If used as a time-check to do “x” and/or “y,” the eGFR serves as a ready reckoner along the path to the final chosen preference in renal replacement therapy, again, showcasing home dialysis and pre-emptive transplantation, while back-seating (where possible) facility care. All that said, it is clear and obvious that many patients will not be suited for transplantation, or for a home dialysis therapy. Recognizing this, it IS important that facility dialysis is not de-valued along the way, but is supported as a good option for those who need may it as their primary option or may come to need it at some later time.
Finally, there are those who have become known as the “crash-landers” ...those who either present late from the community, via acute —> chronic renal failure, or who, despite all fair effort to warn and educate, make like Ozzie the Ostrich, and ignore through fear, or neglect, or a mistaken belief that they are “bulletproof.”

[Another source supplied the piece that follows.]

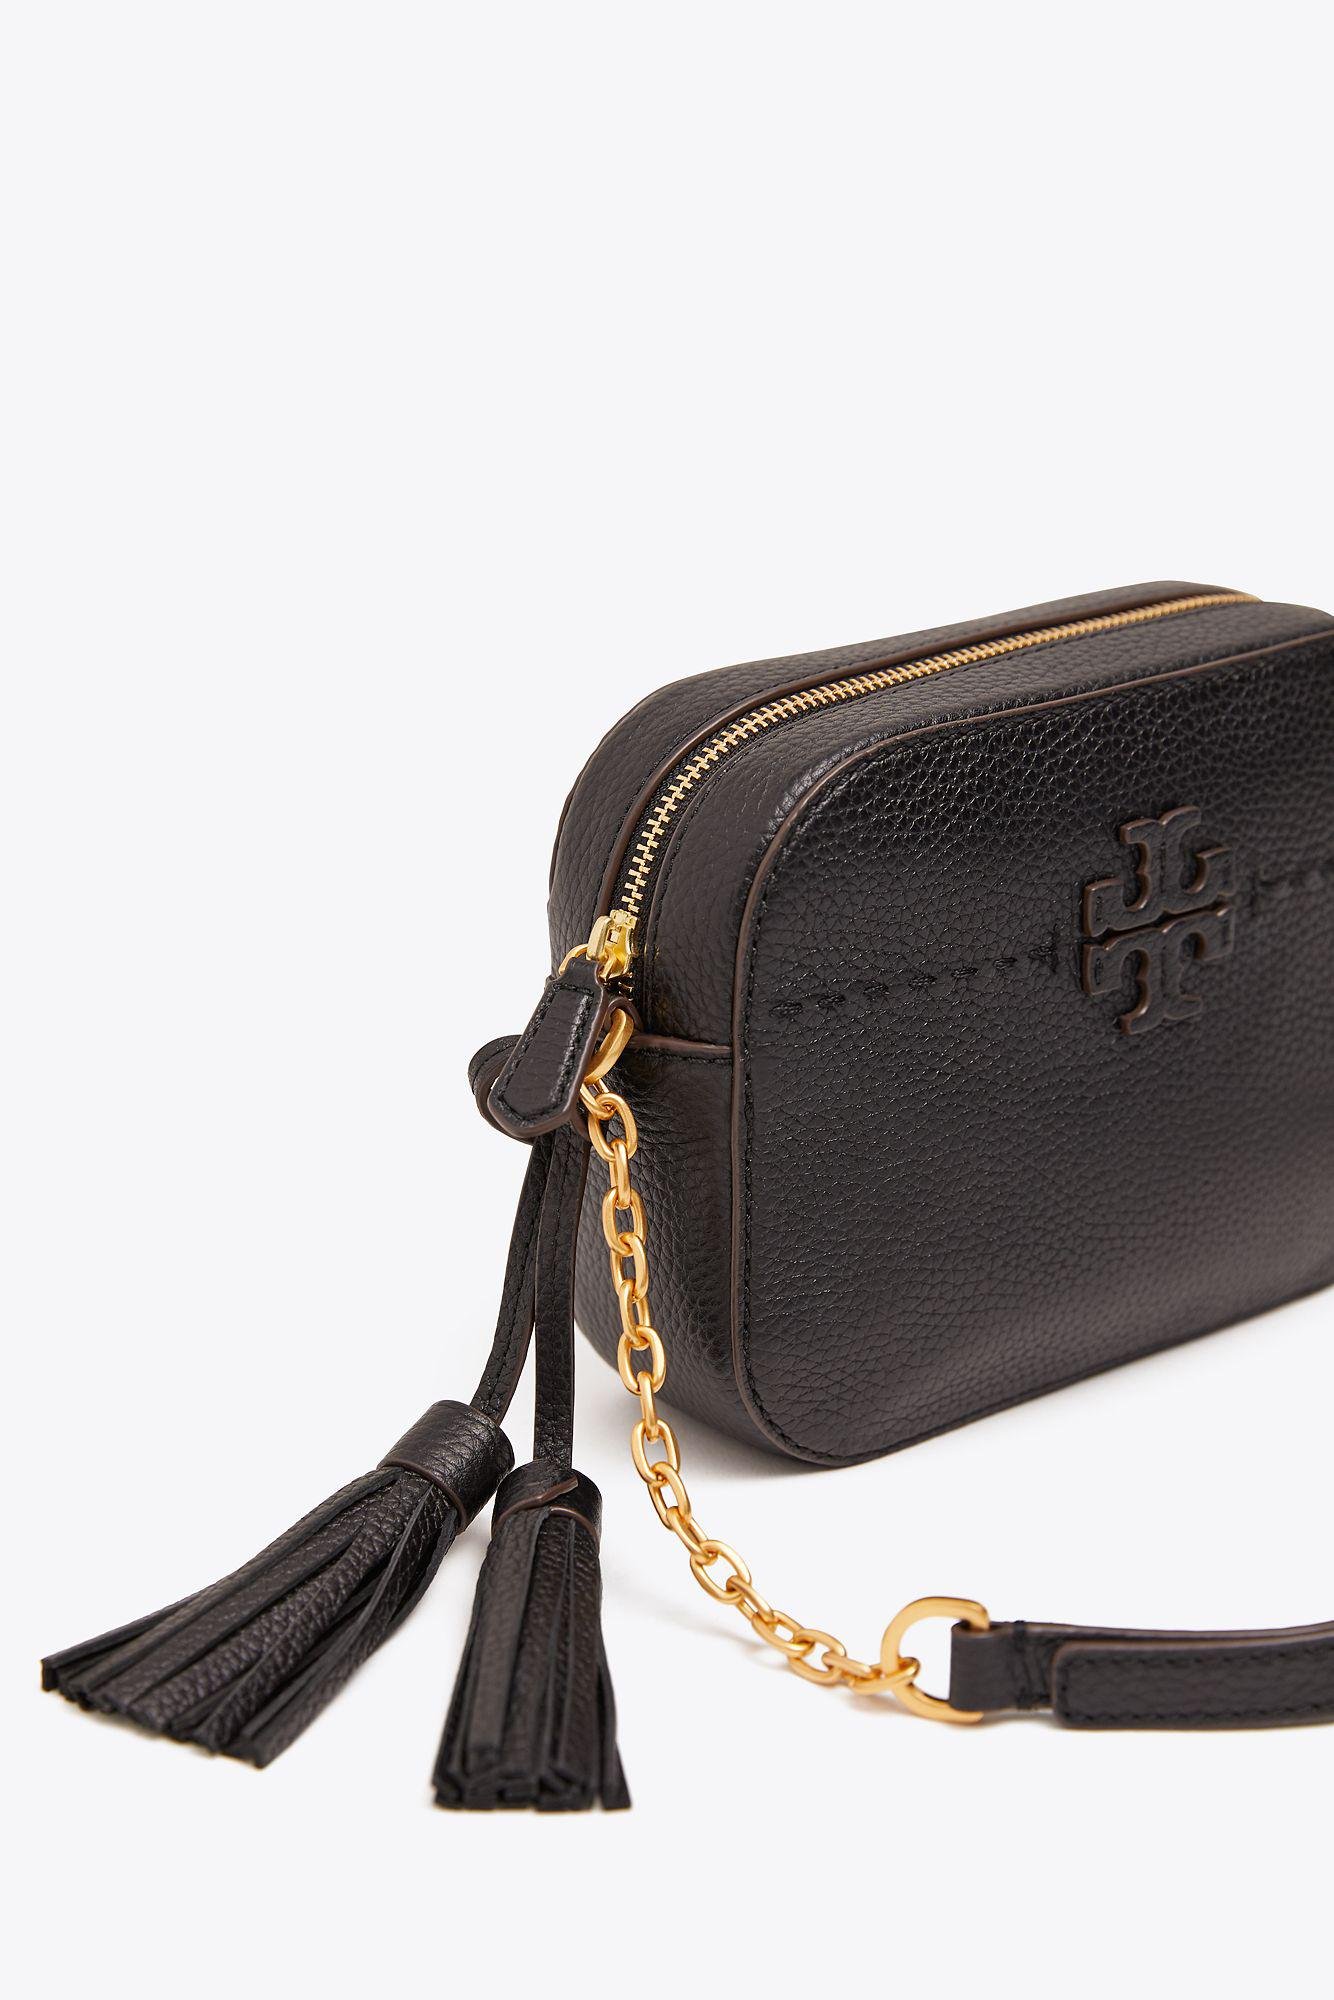 Tory Burch Leather Mcgraw Camera Bag in Black - Save 21% - Lyst

An effective program needs balance. It needs structure. It needs a committed staff. It needs empathy, compassion, understanding and patience. It must accept that different patients assimilate information at a different pace. It must acknowledge that different education styles are needed for different folks: some learning visually, some by ear, and some prefering to read. It must present adaptable staff, not require adaptable patients. And, it must know it may still fail some patients, and be prepared for fair criticism.
From social media critique, it seems many programs may still fall short of these marks. Is this just criticism from the disaffected few? I think not. The critical base is too wide to be isolated comment. As such, it behooves us all to listen to, and to better interact with our patients...and to speak to them in plain language. To translate complex medical and/or technical concepts into understandable everyday words requires that the translators (us) actually fully understand the concepts we interpret. It is a skill we often fail to do well.
Patient education and teaching is a vital cog in good care...and the word is out that we could do a whole lot better.